Ne yapsan da unutturamazsın


‘38 Dersim katliamını müjdeleyen gazete manşetleri… “...eski Dersim bugün ülkenin en asayişli yeri olmuştur...” ‘İlk kadın pilotumuz’ olmasıyla övünülen Sabiha Gökçen’in görevini layıkıyla yerine getirmenin guruyla verdiği pozlar süslüyor dönemin gazetelerini.
Dersimin kızları geçiyor perdeden; kimi küçük, kimi en fazla on yaşında, ellerini yüzlerini saklamışlar, gözler de şaşkınlık, aç, sefil, perişan.

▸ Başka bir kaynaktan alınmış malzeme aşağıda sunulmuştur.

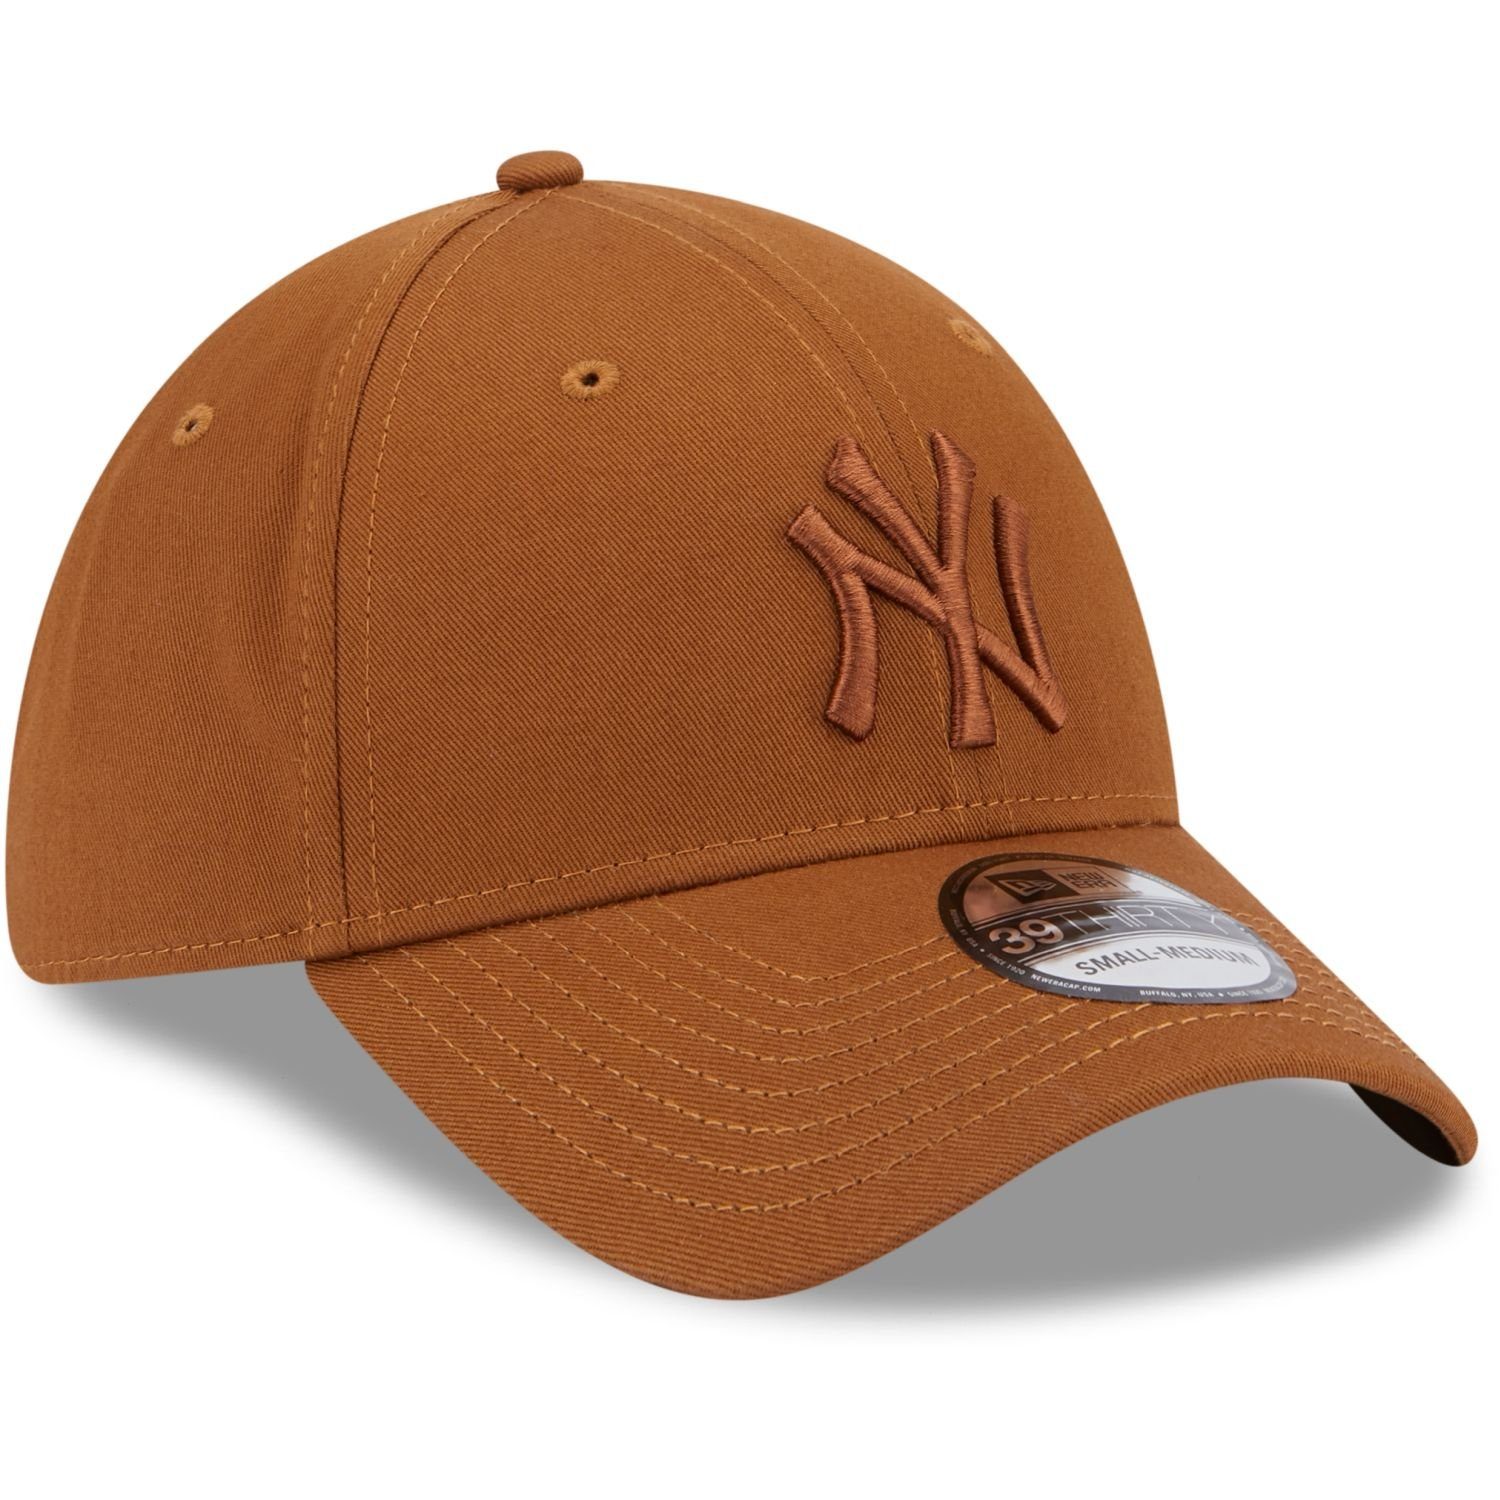 New York New Era 39Thirty Flex Cap Yankees peanut Stretch

Arkalarında askerler...
“İki Tutam Saç: Dersim’in Kayıp Kızları” filmi Ankara Büyülü Fener Sineması’nda gösterime girdi. İlk seansın izleyicilerinden biri de ben oldum. Kısa bir tarihi bilgi olarak dönemin gazete manşetleri ve fotoğrafları perdeden hızlı bir şekilde aktıktan sonra, karşımıza ablalarını arayan bir aile çıkıyor. Anneleri ölene kadar göğsündeki çıkında saklamış, öldükten sonra çocukları ağlayarak çıkını açıyor; biri sarı, biri siyah iki tutam saç. Kayıp ablalarının saçları; “Annemizden bize kalan emanet. Biz ölürken kime emanet edeceğiz...”
Sırayla Fatma ve Huriye teyze çıkıyor karşımıza, yıllardır susuz kalmış, yüzeyinde çatlamayan hiçbir yeri kalmamış toprak gibi yüzler. Gözleri bütün bir tarihi anlatıyor insana; acıyı, kini, boynu büküklüğü, direnmeyi...

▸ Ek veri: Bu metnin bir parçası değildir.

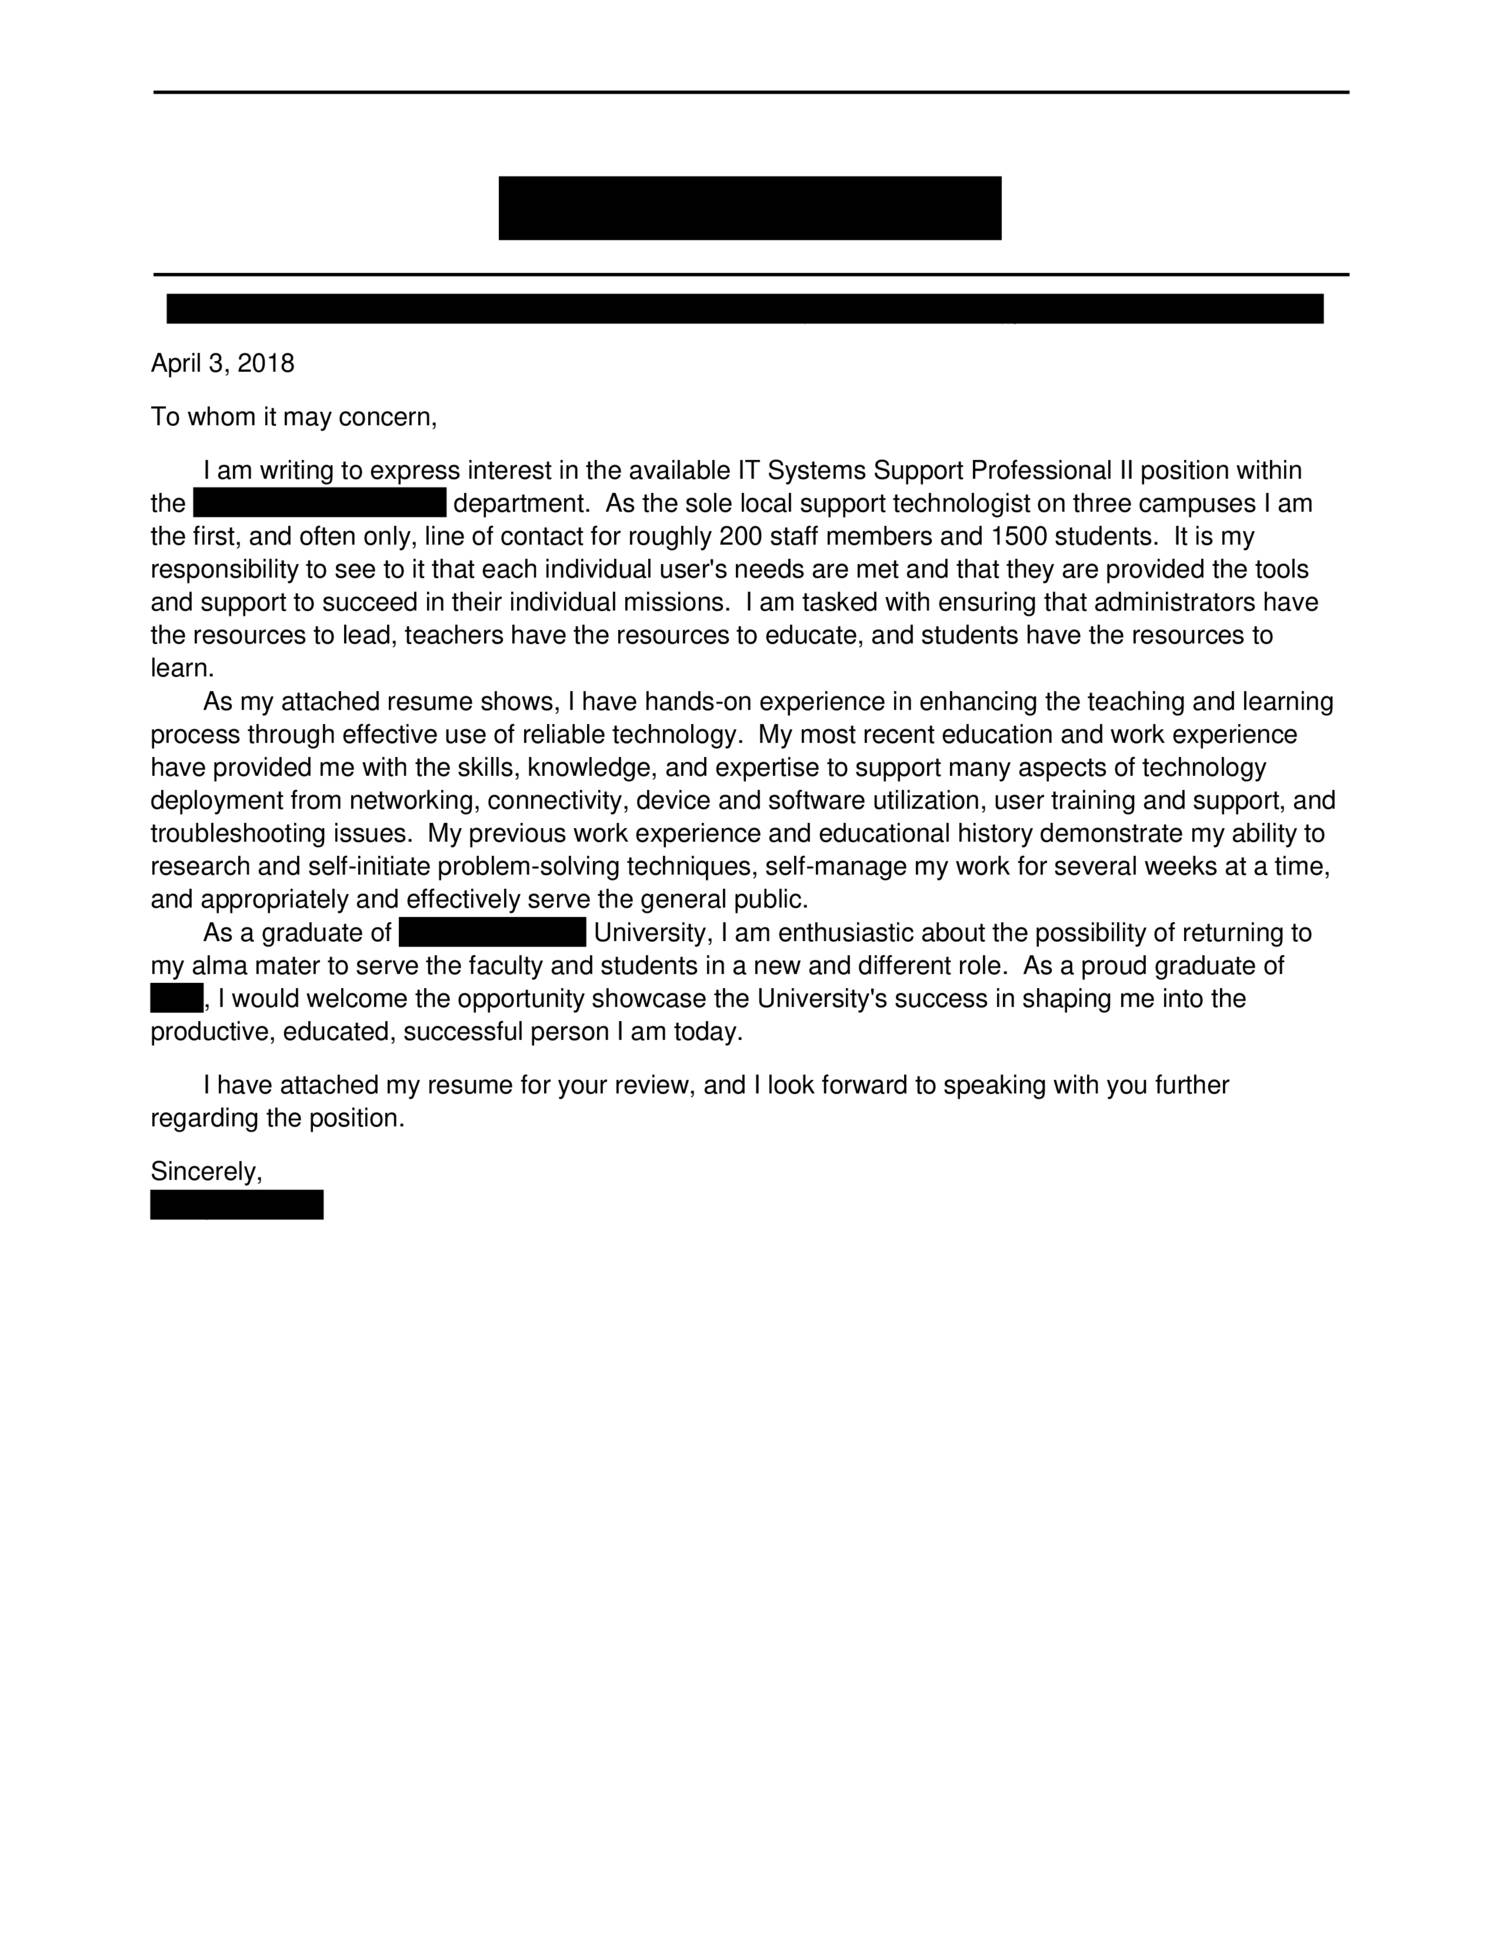 jobs cover letters reddit

Anlatıyorlar; “Beni aldılar, ilk önce saçlarımı tıraş ettiler, iyice bir yıkadılar, sonra bir kağıt üstüne bastırıp ayaklarımı çevresinden çizdiler. Ben bilmiyorum, anlamıyorum. Türkçe bilmiyorum, çocuğum.” Ayak ölçüleri alınıyor, giydiriliyor ve ailelerini kaybetmiş veya aileleri bulunamayan kızlar, çeşitli illerdeki subaylara veriliyor. Onlar yaşadıklarını anlatırken, o gözlerin, yüzlerin, o ağızların anlattığı her bir acının karşısında nutkun tutuluyor, silmeye yetişemediğin gözyaşların sicim gibi iniyor. Fatma teyze evine verildiği asker tarafından eş alınıyor, ondan ayrılıyor, başka biri çıkıyor karşısına onunla evleniyor, kimdir nedir hiçbir zaman söylemiyor. Fakat zamanla çocuklarının ‘bizim dayımız, teyzemiz yok mu’ baskılarıyla hatırında kalan “Ovacık” lafı ediyor, bunun üzerine Ovacık’a geliniyor. Bir kahvede durum anlatılıyor, yılların ortak acısı kayıplar... Kahvedekiler “belki bizim kaybımızdır” diye dışarı çıkıyorlar, zamanla erkek kardeş bulunuyor. “Abla ben Aleviyim...” İlk sözü bu oluyor erkek kardeşin. “Eh o zaman ben de Aleviyim” diyor Fatma Teyze; “Zaten namaz kılmıyordum, ondan sonra da hiç namaz kılmadım onların yanında...” Fatma teyzenin sözleri acıların ve Dersim katliamının, kimlik üzerinde ne kadar “başarı” sağladığının da göstergesi oluyor. Ama ne yapılırsa yapılsın asırlar geçse de insanın özünden, kimliğinden koparılamayacağını da.
Huriye teyze verildiği yüzbaşının evinde yaşadıklarını anlatırken, gözlerindeki acıyı ondan alıp bir an “O” oluyorsun. “Hanım evindeki askere bağırırdı ‘bulaşıklarımızı o Kürt kızının bulaşıklarıyla yıkamayasın sakın’, yalvardım Hızır’a, ölmek istedim, ne olur al canımı...” Türkiye Cumhuriyeti Devletinin, bugüne kadar reddettiği Kürt Alevileri, Aleviler ve Kürtler üzerindeki imha ve inkar politikaları bütün canlılığıyla karşımızda duruyor.
Ankaralılara, özellikle gençliğe buradan bir çağrı yapmayı gerekli görüyorum. ‘Tarihini bilmeyen geleceğini bilemez’, mutlak ama mutlak bu kısa belgeseli herkes izlemeli. İyi seyirler.